Supermicro Liquid Cooling Direct To Chip Cooling Asetek Rear 1
Supermicro Liquid Cooling Direct To Chip Cooling Asetek Rear 1

It is important to keep in mind that since all three of these solutions are being used in data centers, monitoring and control are key capabilities for liquid cooling servers.

Supermicro Liquid Cooling Direct To Chip Cooling Rack
Supermicro Liquid Cooling Direct To Chip Cooling Rack

So the purpose of the visit was to test the 400W versus the 500W top end in the same server platform to see what the impacts are.

8 COMMENTS

  1. The kiddies on desktop showed the way.

    If data centers want their systems to be cool, just add RGB all over.

  2. I’m surprised to see the Fluorinert® is still being used, due to its GWP and direct health issues.

    There are also likely indirect health issues for any coolant that relies on non-native halogen compounds. They really need to be checked for long-term thyroid effects (and not just via TSH), as well as both short-term and long term human microbiome effects (and the human race doesn’t presently know enough to have confidence).

    Photonics can’t get here soon enough, otherwise, plan on a cooling tower for your cooling tower.

  3. Going from 80TFLOP/s to 100TFLOP/s is actually a 25% increase, rather than the 20% mentioned several times. So it seems the Linpack performance scales perfectly with power consumption.

  4. Very nice report.

    Data center transition for us would be limited to the compute cluster, which is already managed by a separate team. But still, the procedures for monitoring a compute server liquid loop is going to take a bit of time before we become comfortable with that.
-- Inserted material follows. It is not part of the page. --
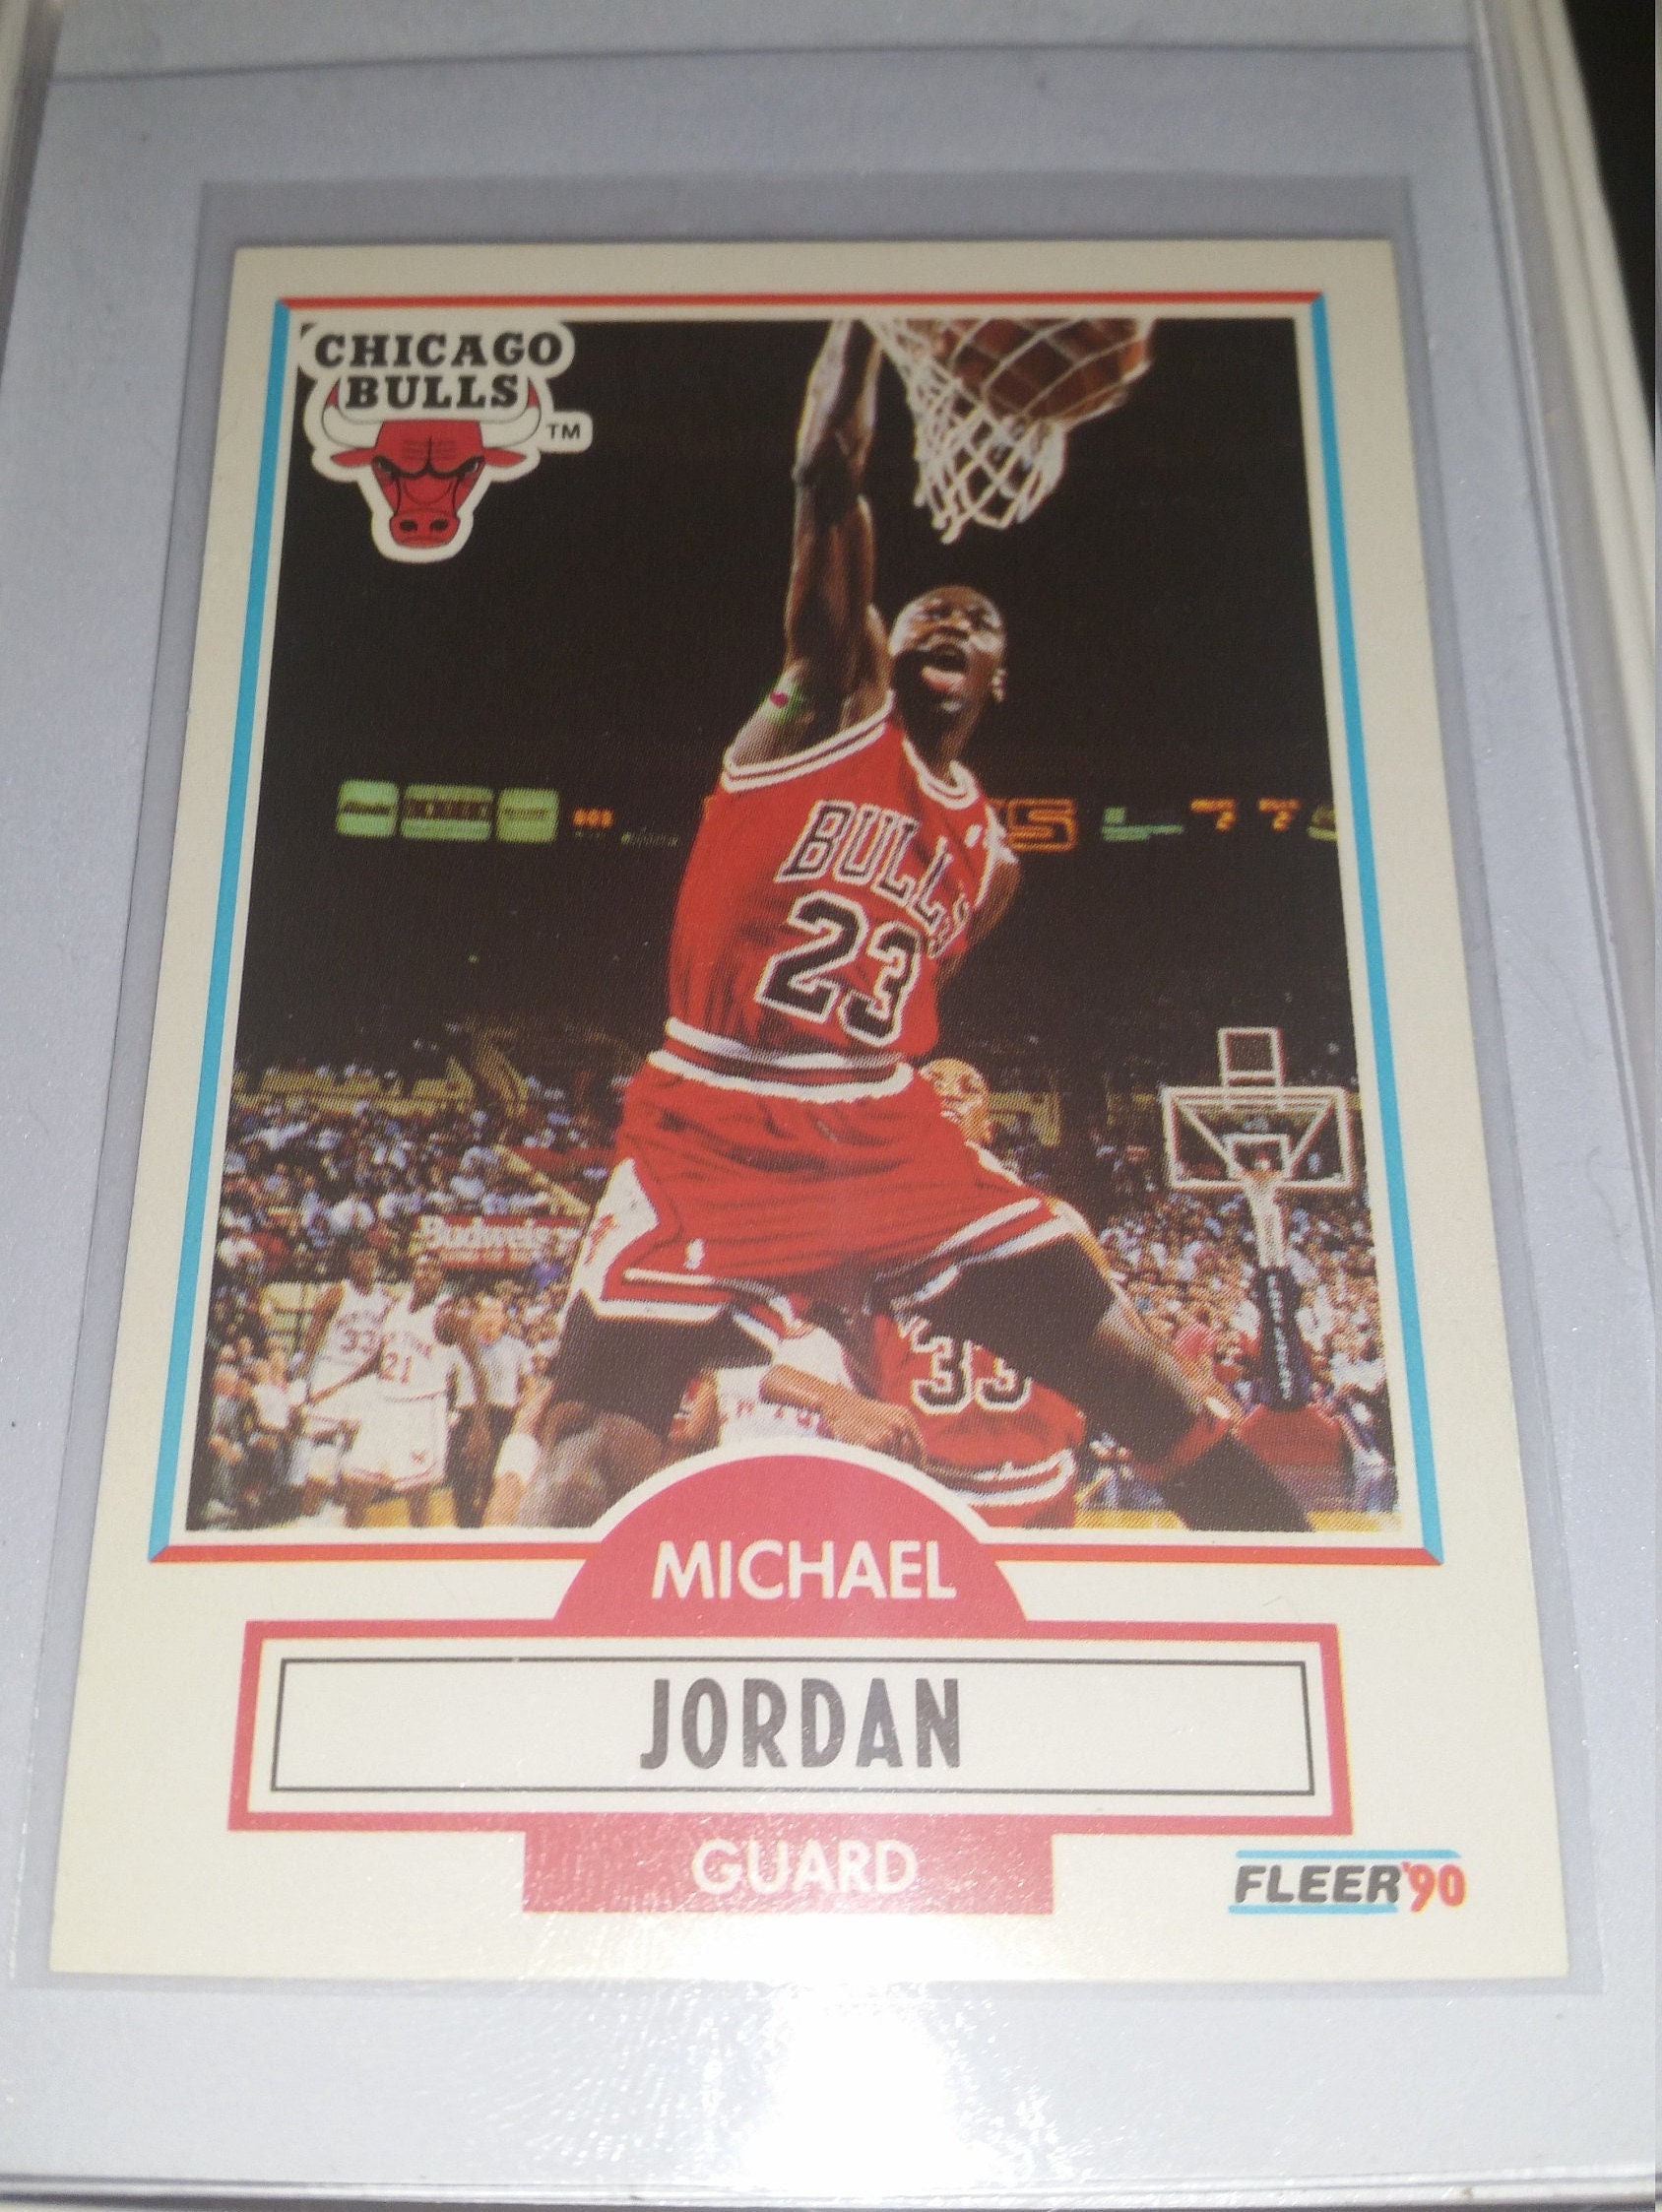 Michael Jordan Magic Johnson Larry Bird 4-pack Sam Vincent Card Has MJ
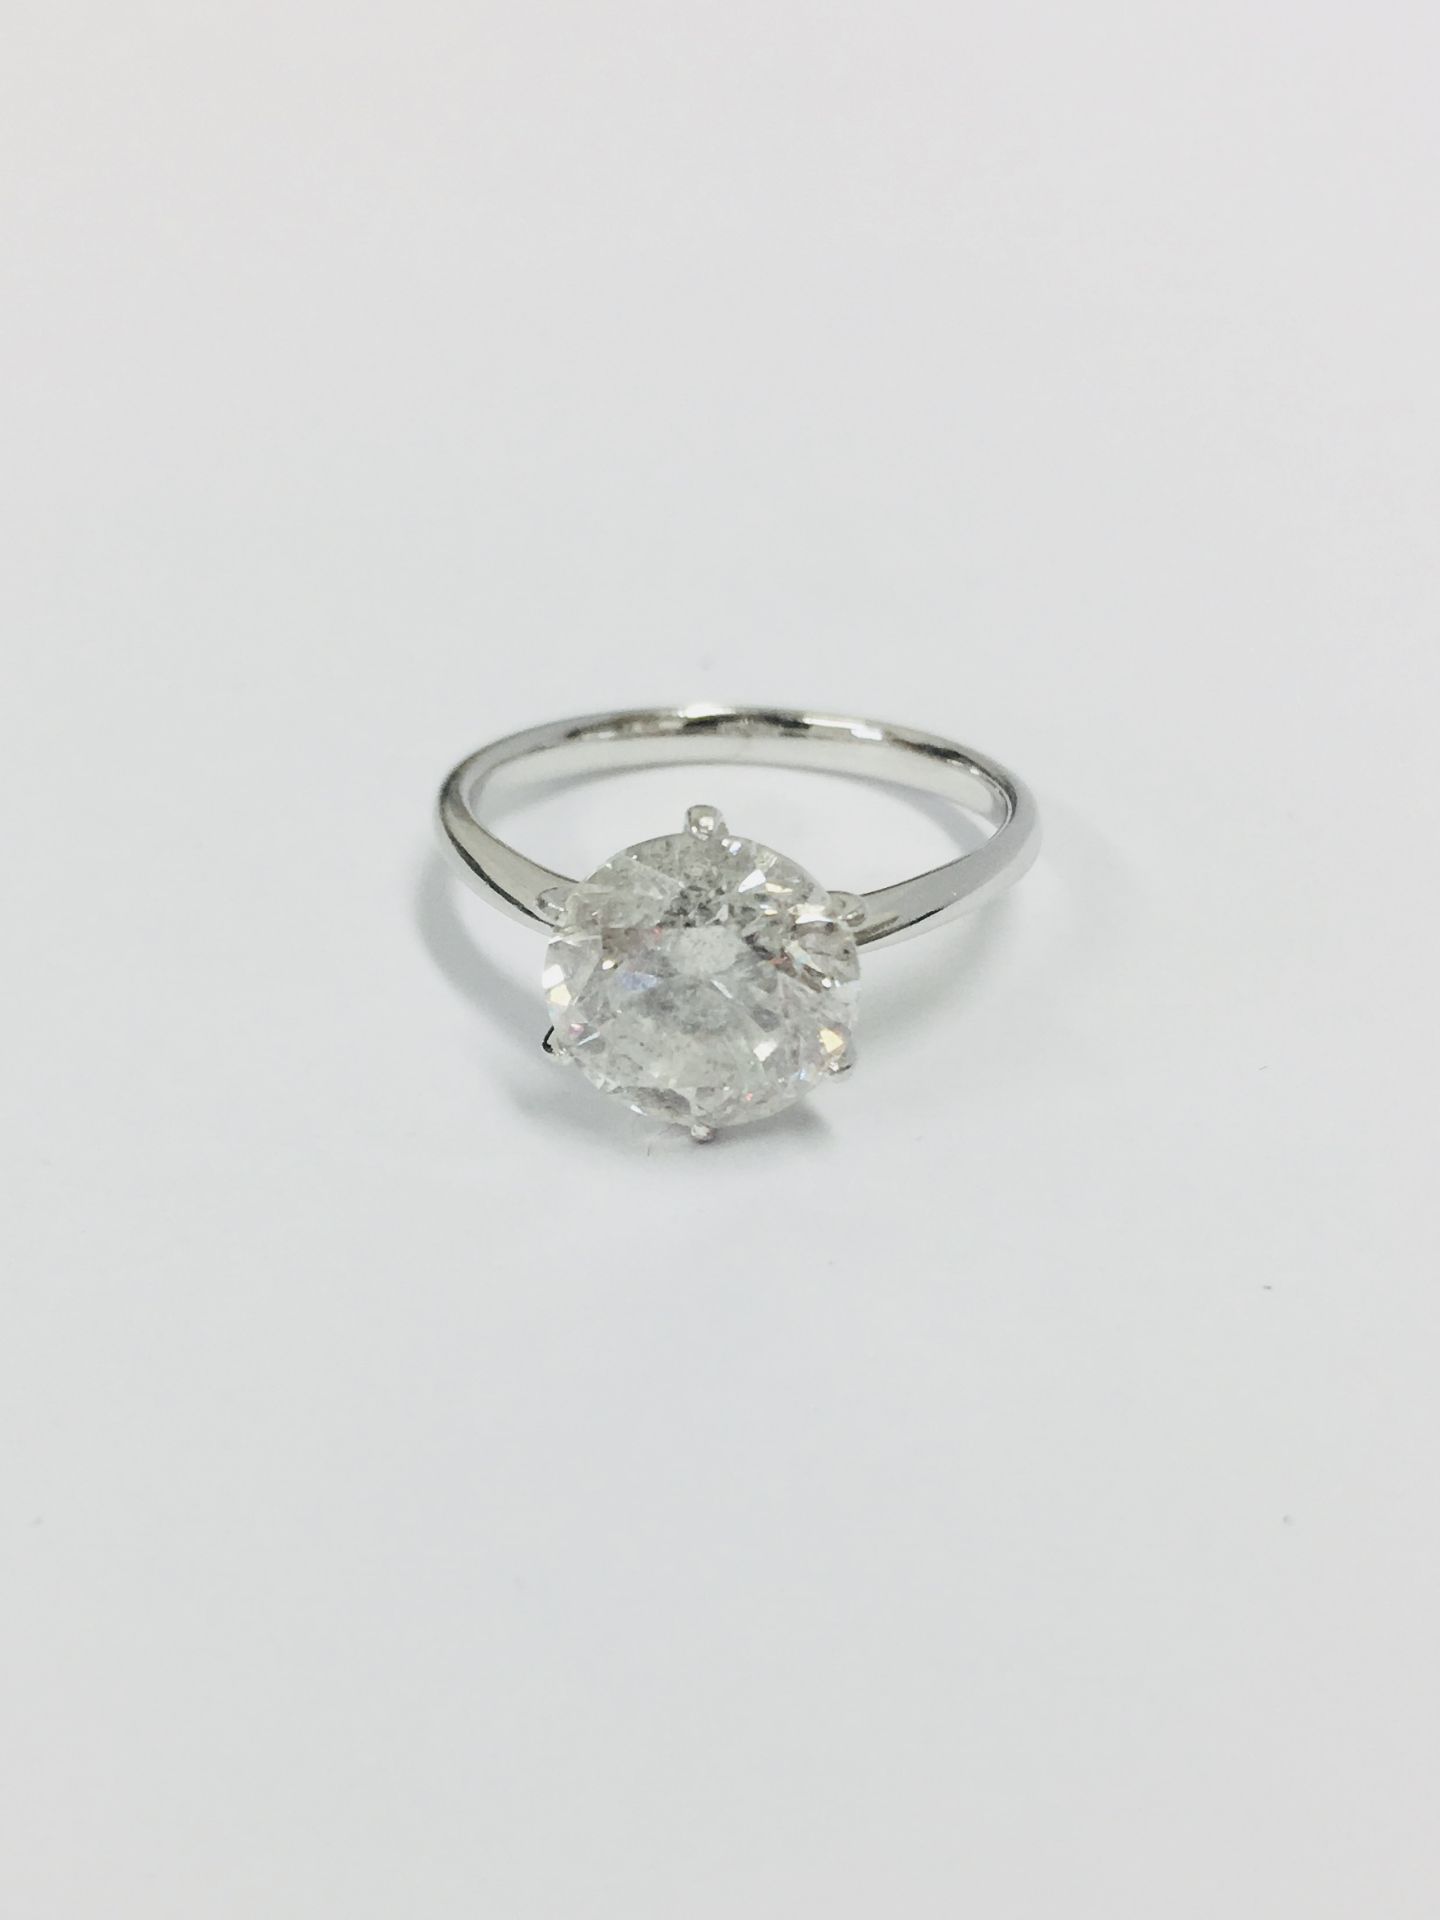 3.01ct brilliant cut natural diamond, I2 clarity I colour(clarity enhanced) ,platinum 6 claw - Image 2 of 4

  5. Would be interesting to know the temperature of the inflow vs. outflow. Is the warmed water used for something?

  6. Bonjour
    Je sui taïlleur coudre les pagne tradissonelle ect…
    Je ve crée atelier pour l’enfant de demin.
    Merci bein.

  7. Hi Patrick.

    Liked your video Liquid Cooling High-End Servers Direct to Chip.
    have you seen ZutaCore’s innovative direct-on-chip, waterless, two-phase liquid cooling?
    Will be happy to meet in the OCP Summit and give you the two-phase story.